Venture capitalists poured billions of dollars into optical technology during the boom. Needless to say, not all of it has been deployed. Now some investors are looking for ways to use the idle technology (other than as landfill, that is).

William Quigley, a venture partner at Clearstone Partners is bullish on optical technology transfer -- particularly for use in the U.S. military, where the budgets are big and the technology advanced. He believes it’s a massive new market, particularly for communications applications.

“For this industry to get out of the doldrums it’s going to have to start looking at markets that are totally different,” says Quigley.

There is evidence that the market for advanced communications is heating up in the federal government. A range of public systems companies are now pursuing large-scale government communications networks being built in the much-hyped DISA project (see DISA Deal D-Day Approaches).

So how would optical technology be used by the armed forces (apart from busting the enemy's bunker by dropping a Sonet crossconnect on it)? The growth in the use of laser-guided bombs, for one, has been well publicized. But there are other elements of high-tech warfare to consider. Intelligence data is hefty and needs to be moved quickly over advanced telecom networks. The computers aboard unmanned drone aircraft, for example, are constantly processing gigabits of information and need some way to communicate with humans on the ground.

Quigley has invested in one company called Aoptix Technologies, a company that has developed a MEMS (micro-electro-mechanical system) technology that he calls the “bendy mirror.” Unlike the MEMS devices used in optical switches, which are usually based on tilting flat mirrors, the bendy mirror can be curved by applying a voltage. According to Quigley, this allows for the mirror to correct for the distortion in laser signals, which makes it optimal for catching communications signals sent to moving targets [ed. note: and it can also make you look really fat, with little short legs].

Aoptix is working on such military communications applications via a free-space optics communications system. For example, a vehicle on the ground could use lasers and bendy MEMS to communicate with a drone plane in the sky.

Another one of Quigley's companies, Phasebridge, is working on long-haul optical technology as well as RF and microwave communications for the military.

Apparently this has been enough to have sold other investors besides Quigley. Last year Aoptix raised a Series B round from investors led by Lehman Brothers and 3i Group plc. Quigley's Clearstone also participated in the round, along with top-tier Silicon Valley VC Kleiner Perkins Caufield & Byers.

Quigley’s not stopping with unnmanned drones.

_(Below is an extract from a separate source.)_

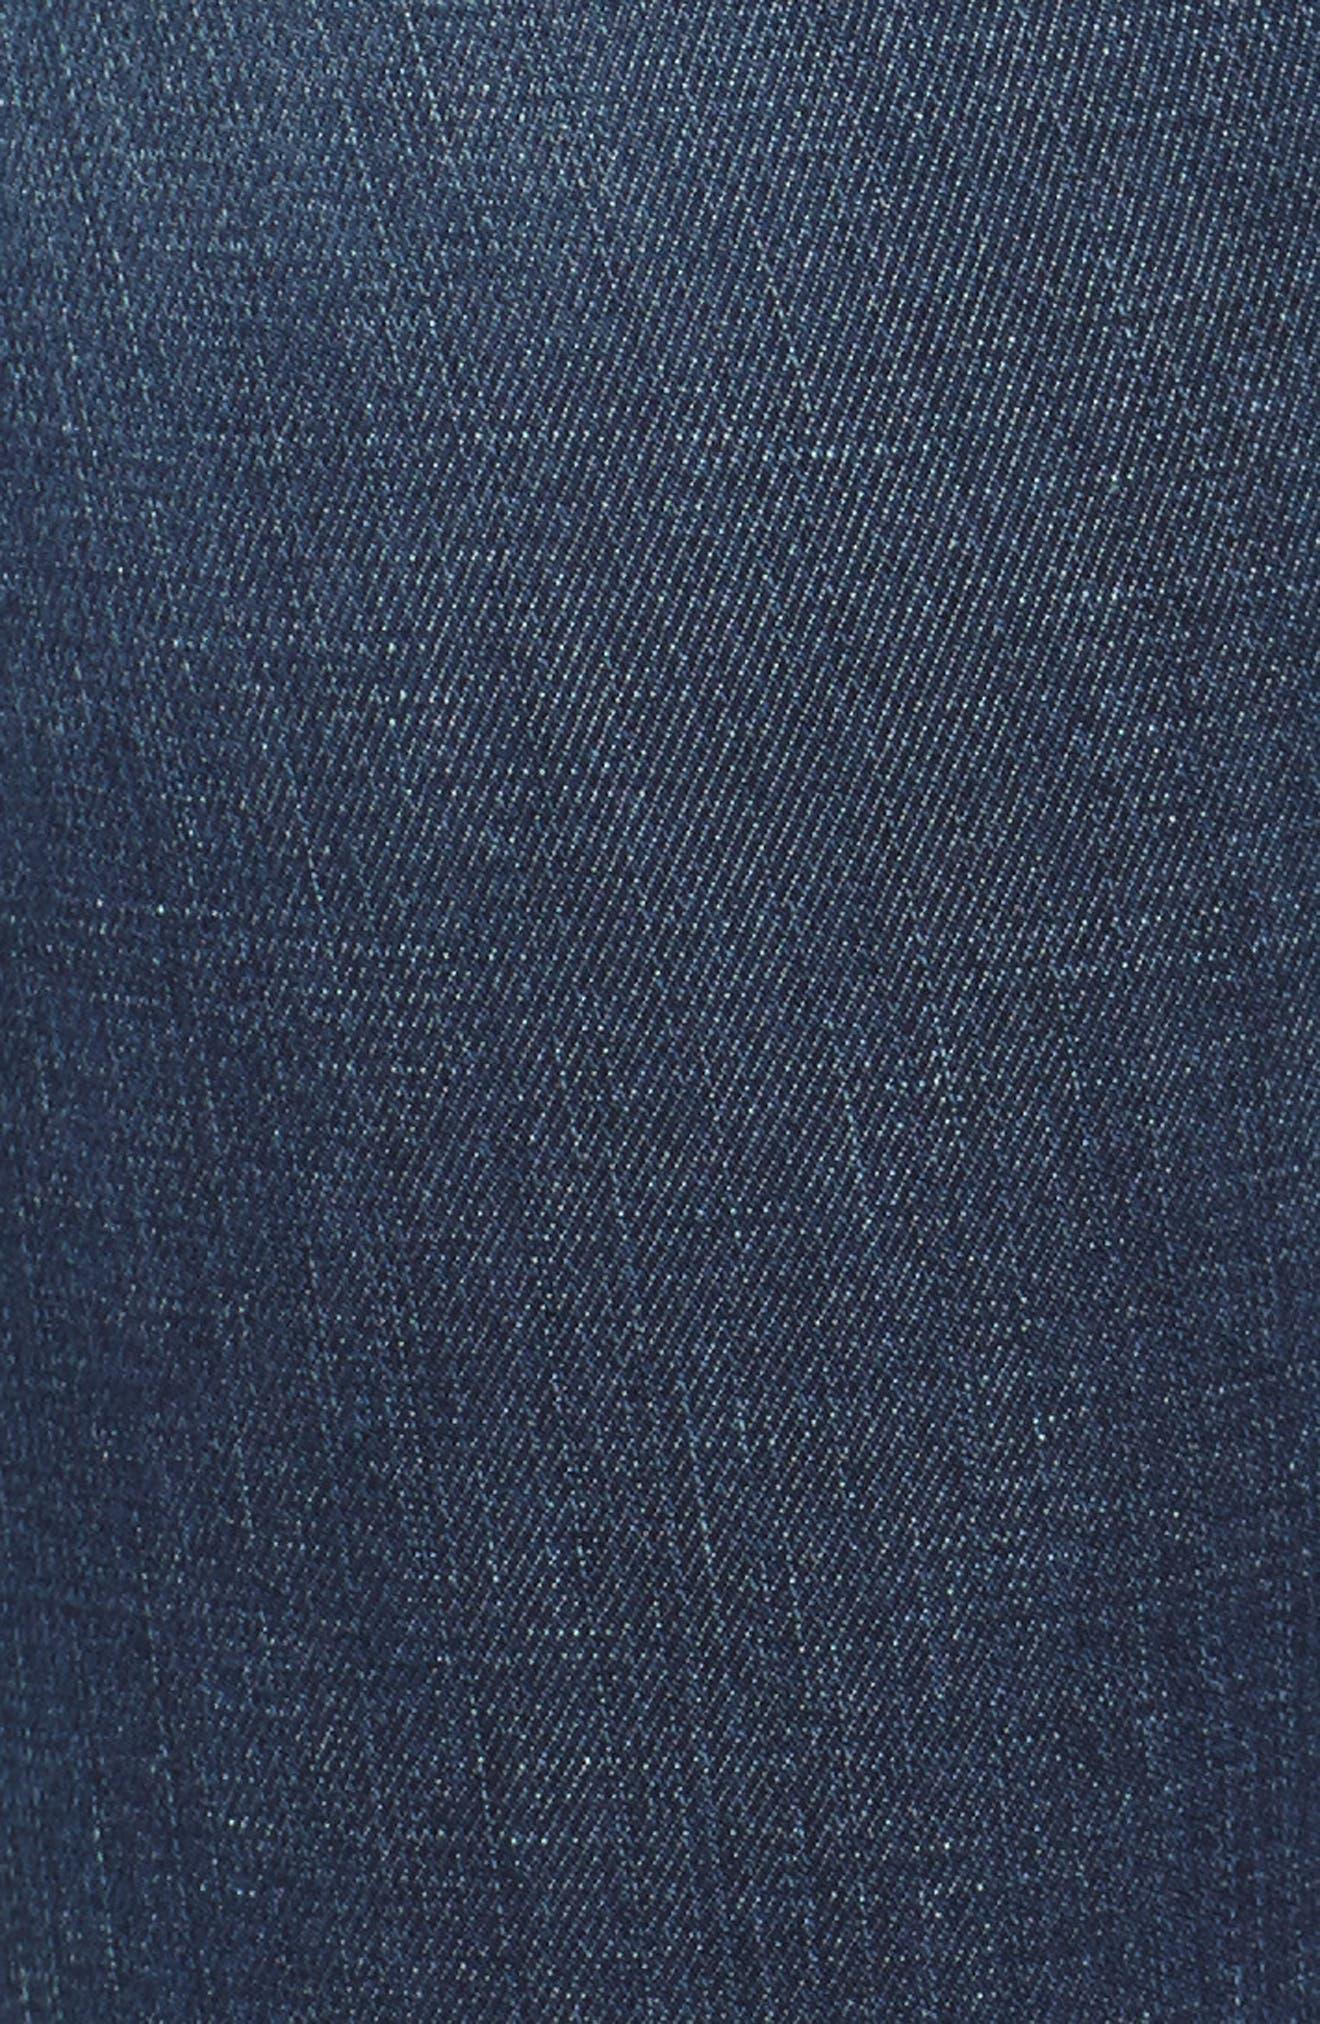 Le Skinny de Jeanne Ripped Raw Hem Ankle Jeans,                             Alternate thumbnail 5, color,                             JOLIE

He points out that optical technology has applications in the shipping, mining, navigation, and even agriculture industries.

“Farmers need sophisticated laser equipment to make sure they plow their fields straight,” says Quigley. And no, he’s not joking. He also says that lasers are big in shipping ports, where they are used to line up container ships for unloading, and for ship-to-ship communication -- again an application of free-space optics.

But Quigley says transferring optical technology from telecom to the military or other industries is not as easy as renaming a company. It takes a whole new line of research and relationships. He says much of the work involves cultivating the likes of lobbyists, industry giants, and government purchasing agents.

“Taking a company from the telecom space and retrofitting it for the military doesn’t work. You have to start over.”

Some optical technologies started out being developed for other industries and were adapted for telecom applications. Examples of this include MEMS, liquid crystals, and holography. In other words, some companies may be going back to the markets from whence they came.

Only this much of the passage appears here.